Your instructions:
In the material below, find the line with "CLINIQUE Lid Pop" and the line with "f-105 airplanes in". Output exactly those two lines and all lines between them, leaving out pictures.

Data:
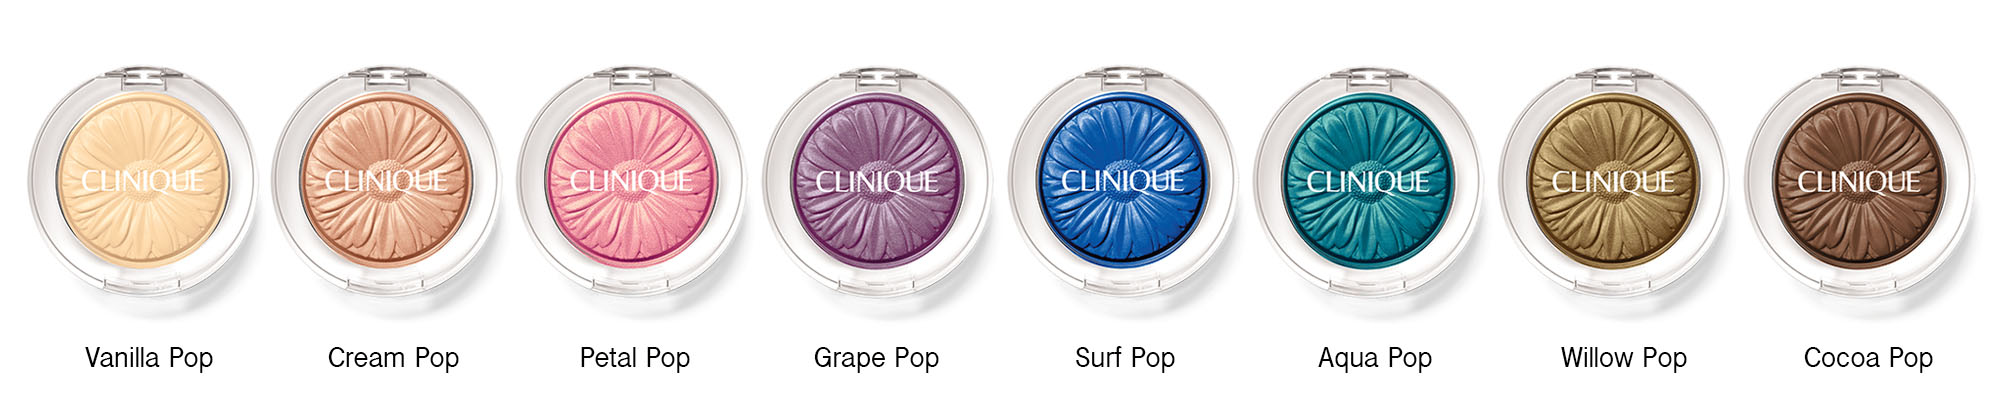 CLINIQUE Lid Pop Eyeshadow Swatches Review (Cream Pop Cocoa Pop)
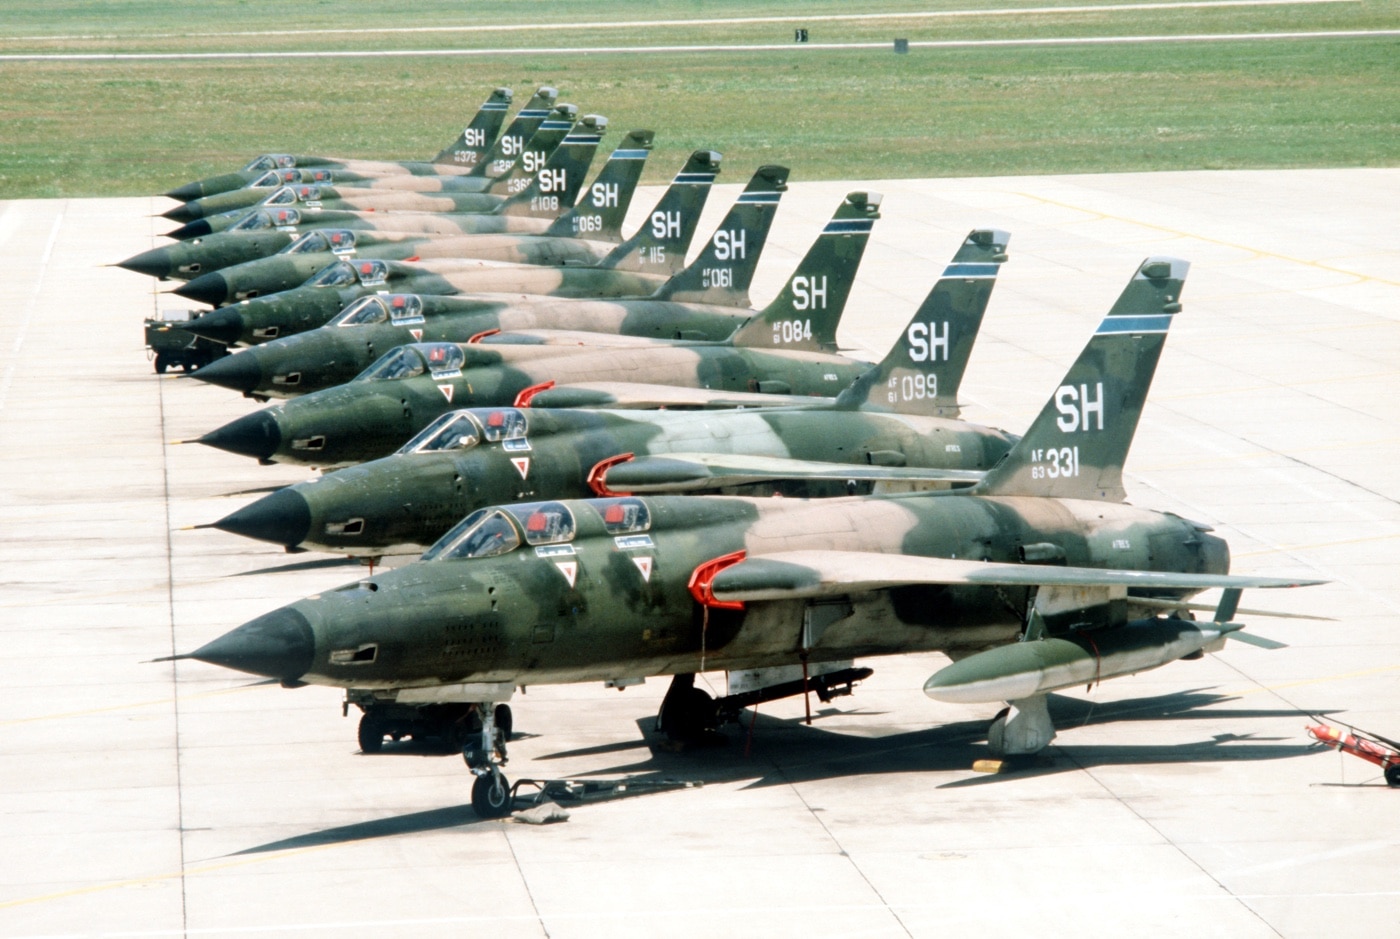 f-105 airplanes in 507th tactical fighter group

* * *

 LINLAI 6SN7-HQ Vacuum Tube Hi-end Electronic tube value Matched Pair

Task response:
 CLINIQUE Lid Pop Eyeshadow Swatches Review (Cream Pop Cocoa Pop)
 f-105 airplanes in 507th tactical fighter group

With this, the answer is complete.